Average Q is a bad idea!

Expected errors

Quality filtering

The quality score of a base, also known as a Phred or Q score, is an integer value representing the estimated probability of an error, i.e. that the base is incorrect. If P is the error probability, then:

* * P = 10^{-Q/10}

^{ } Q = -10 log_{10}(P)

Q scores are often represented as ASCII characters. The rule for converting an ASCII character to an integer varies, see FASTQ options for details. Tables converting between integer Q scores, ASCII characters and error probabilities are shown in the table below ASCII_BASE 33, which is now almost universally used, and ASCII_BASE 64 which is used in some older Illumina data.

**What kind of error?** There is an important difference between Q scores in reads from 454 and Illumina. In effect, 454 ignores the possibility of substitution errors and Illumina ignores indels. With 454, the Q score is the estimated probability that the length of the homopolymer is wrong, and with Illumina the Q score is the probability that the base call is incorrect. In the case of Illumina, this is reasonable because indel errors are very rare. But with 454, substitution errors are quite common, occurring with comparable frequency to homopolymer errors. This means that 454 Q scores are not as informative as Illumina Q scores, but are still useful in practice. See quality filtering for further discussion.

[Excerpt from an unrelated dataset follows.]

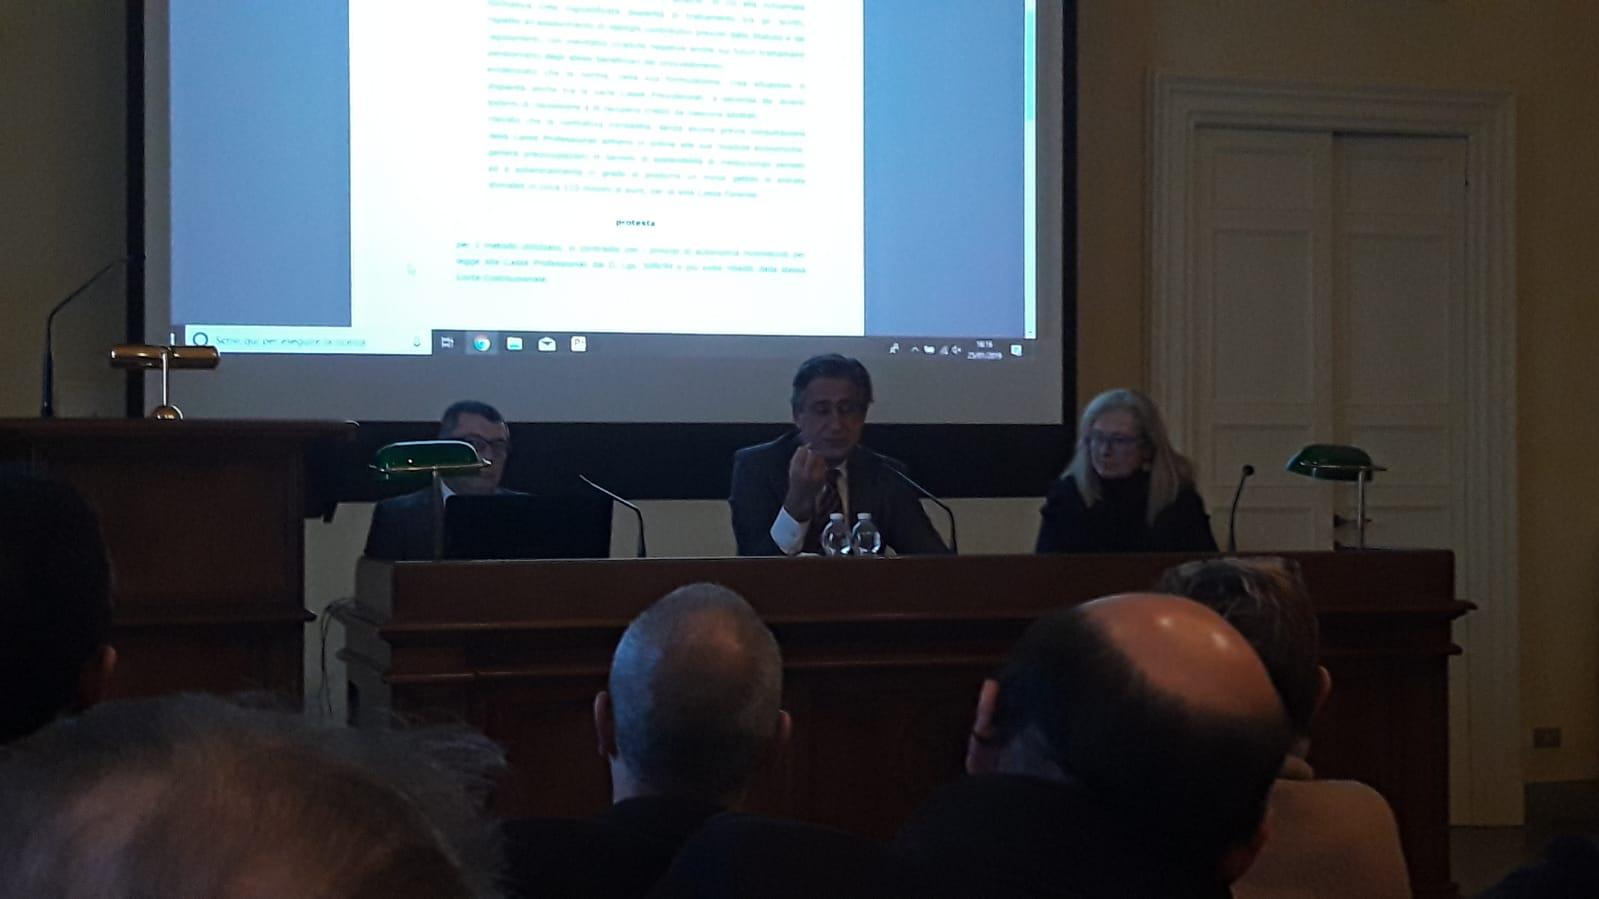 Convegno avvocati pavia Girolamo De Rada indagini difensive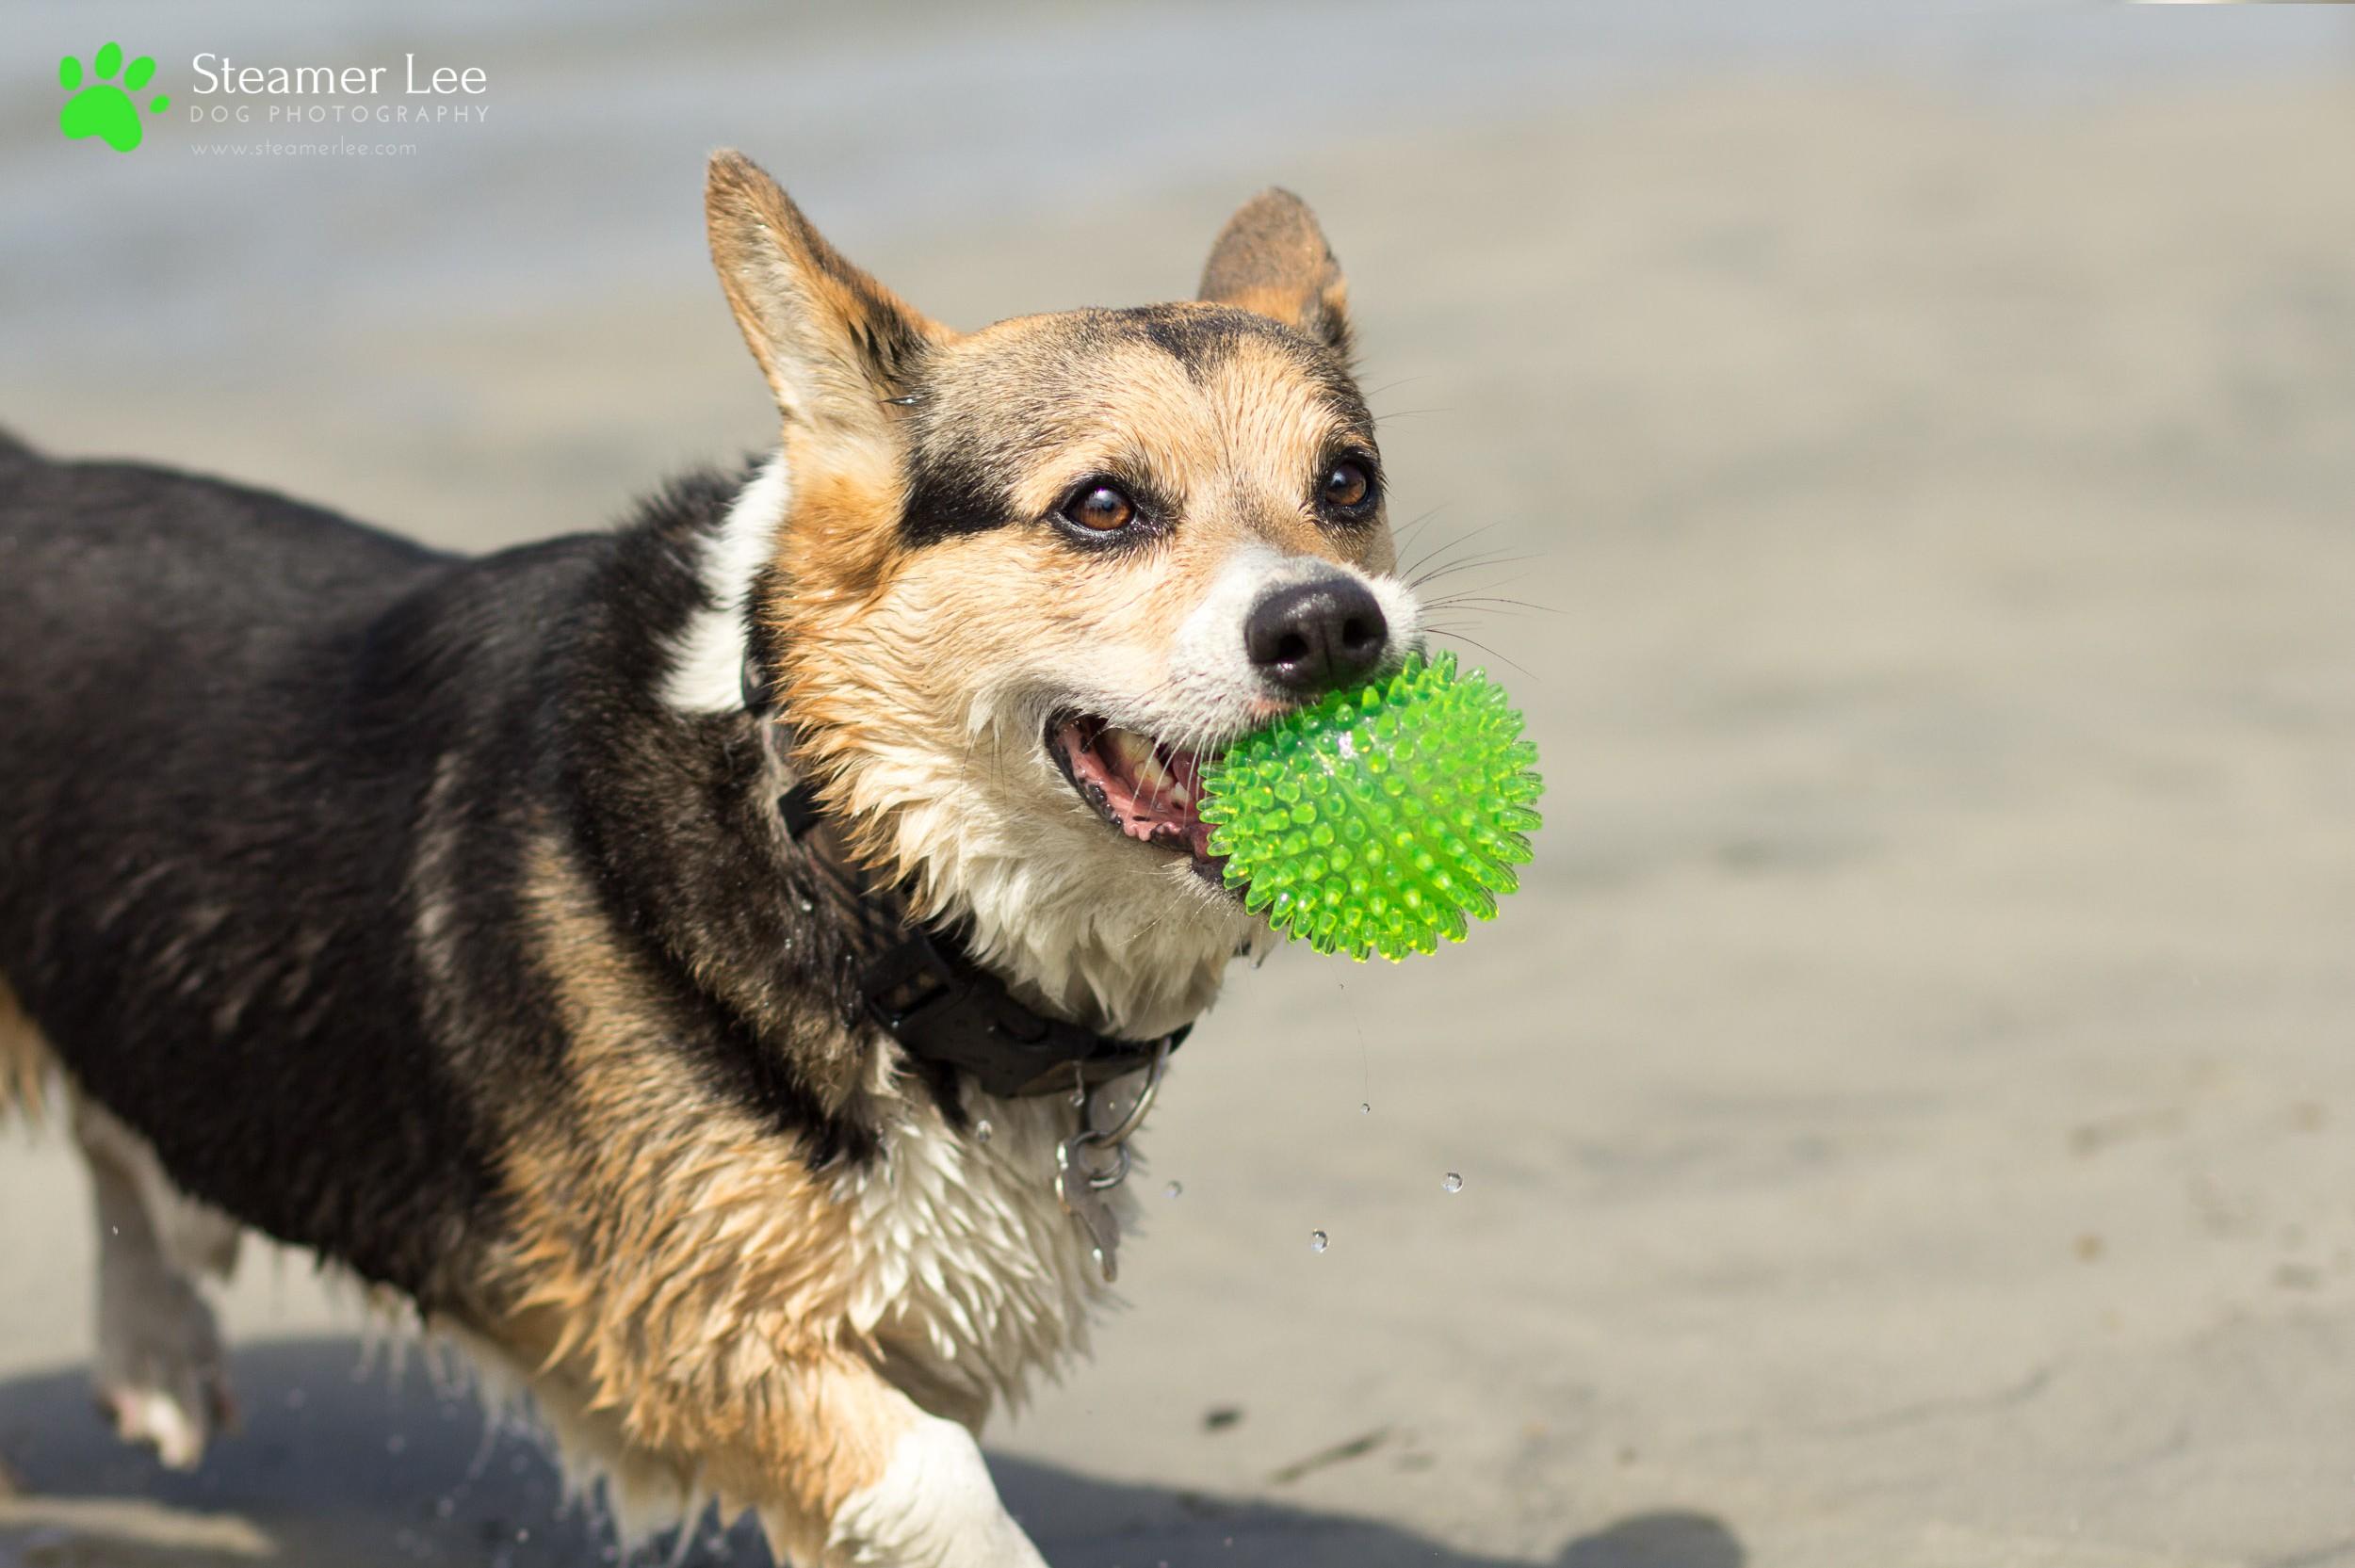 Steamer Lee Dog Photography - July 2017 So Cal Corgi Beach Day - Vol. 3 - 16.jpg

**Small Q scores** Note that a Q score of 3 means P=0.5, meaning that there is a 50% chance the base is wrong, and lower values represent even higher probabilities of error. Q=0 means P=1, i.e. that the base call is certainly wrong, so this is rarely used, though might be appropriate for an undetermined base (often represented as 'N'). I have never seen a FASTQ file with Q=0, but since the format is not standardized I can't be sure. The lowest value usually found in practice is Q=2 (P=0.63), which means the base call is more likely to be wrong than correct.

**Recognizing the format** The fastx_info and fastq_chars commands can be used to determin the format. The most important parameter is ASCII_BASE, which as far as I know is always 33 or 64. With a typical range from Q2 to Q40, this gives a range of ASCII values from 35 to 73 with ASCII_BASE=33 and from 66 to 104 with ASCII_BASE=64. These ranges overlap from ASCII 66 to 73. Also, values >Q40 may be produced by some machine software and by some post-processing software such as paired read assemblers. So if we see ASCII values >73 that doesn't necessarily mean that we have ASCII_BASE=64, these could be high quality scores with ASCII_BASE=33. The only sure way to distinguish for sure is if we see ASCII values < 64, in which case we know ASCII_BASE=33. A quick way to check visually is to look for # and $, which means ASCII_BASE=33 or lower-case letters which probably implies ASCII_BASE=64.